Мой ласковый и нежный мент
Шрифт:
Дед Банзай в компании с рыжим толстым котом встретил ее на крыльце и расплылся в радостной улыбке:
– Смотри-ка, кто к нам пожаловал! Людмила Алексеевна! – Прищурившись, он внимательно оглядел ее и одобрительно щелкнул языком. – А ничего смотришься! Я-то думал, что капиталисты непременно обманут, да еще и изуродуют, чтоб баб красивых у нас поменьше было!
– Они к нам деньги приехали зарабатывать, а не членовредительством заниматься, – улыбнулась Людмила.

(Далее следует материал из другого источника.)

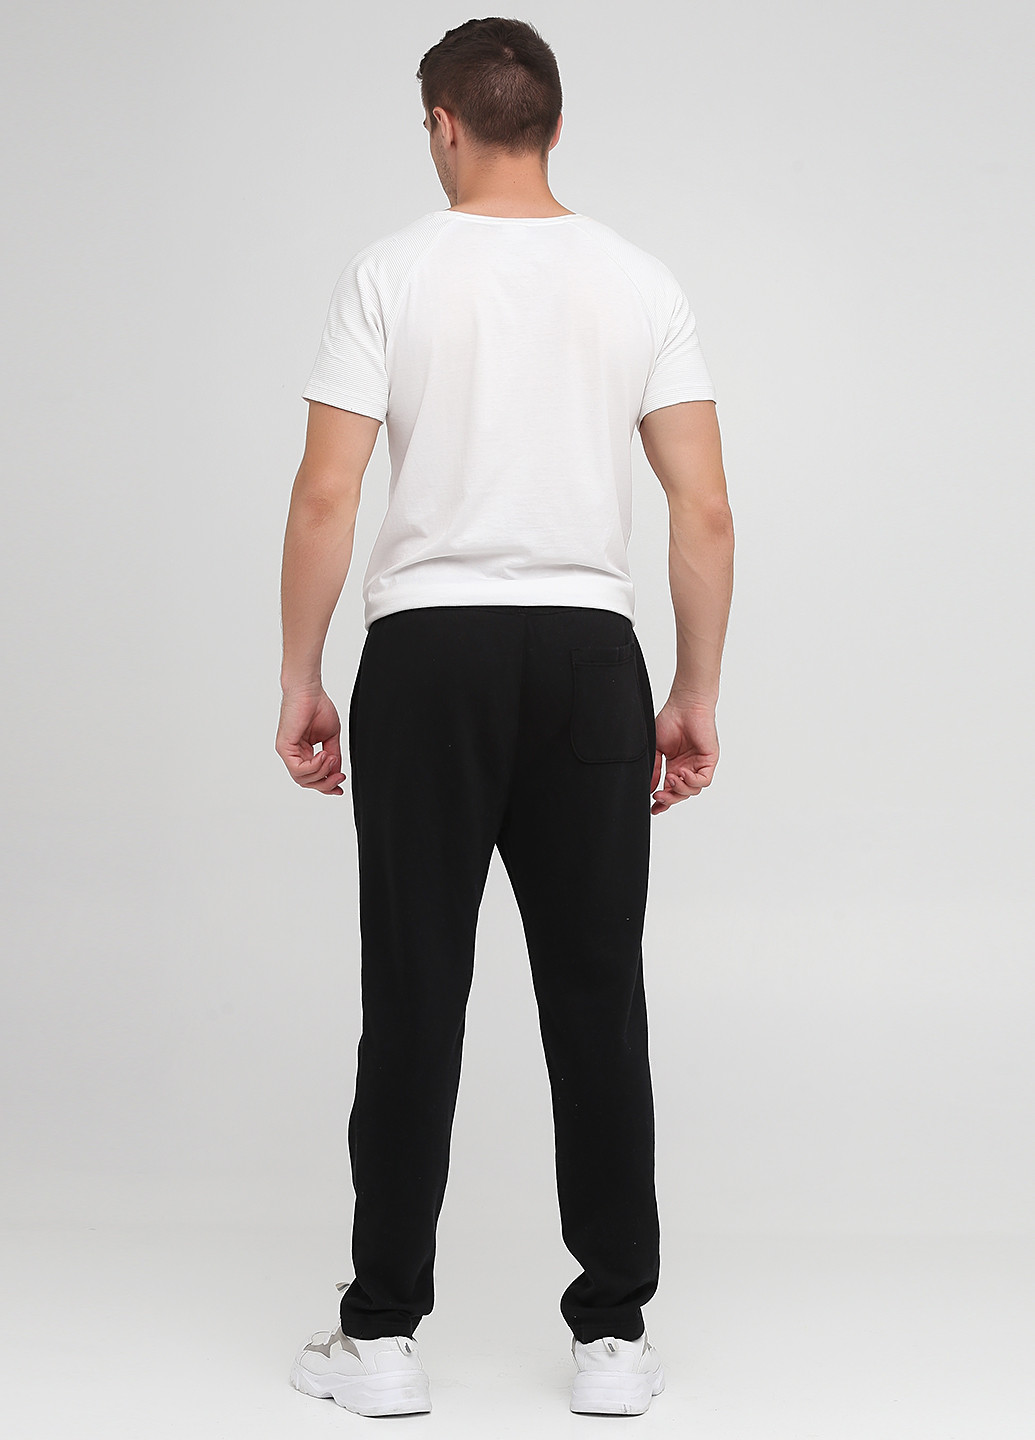 Черные спортивные демисезонные прямые брюки Abercrombie & Fitch

– Ну тогда ладно. – Дед смахнул с широкой лавки запрыгнувшего туда рыжего кота, присел было сам, потом вскочил на ноги и, быстро оглянувшись по сторонам, пригласил: – Скидавай обувку, проходи в дом. А это что
– Медвежонок! Какие-то сволочи еще вчера убили медведицу. Не оставлять же его одного в лесу. Погибнет…
– Погибнет, – согласился дед и спустился с крыльца. Освободил медвежонка от куртки, и тот сразу же облапил его ногу и тоненько заскулил. – Есть просит. – Лицо деда жалобно скривилось. – Сейчас мы ему сгущеночки разведем, накормим…
Через полчаса сытый медвежонок спал в глубокой плетеной корзине в обнимку с большой пластиковой бутылкой, в которую дед вставил тряпочную затычку. Через нее зверек приспособился тянуть разбавленное сгущенное молоко, слегка приправленное медом. Сначала медвежонок ворчал, пытался вытянуть зубами тряпку, но потом сладкие капельки попали ему на язык, и тут же дело пошло на лад. Насосавшись, медвежонок поворочался в корзине, поворчал для порядку и, уткнувшись носом в старую меховую шапку деда, затих.
– Федор Яковлевич, можно я оставлю его у вас на пару дней, пока работу не закончу, а то несподручно мне его таскать с собой? – попросила деда Людмила, когда, поужинав, они опять вышли наружу.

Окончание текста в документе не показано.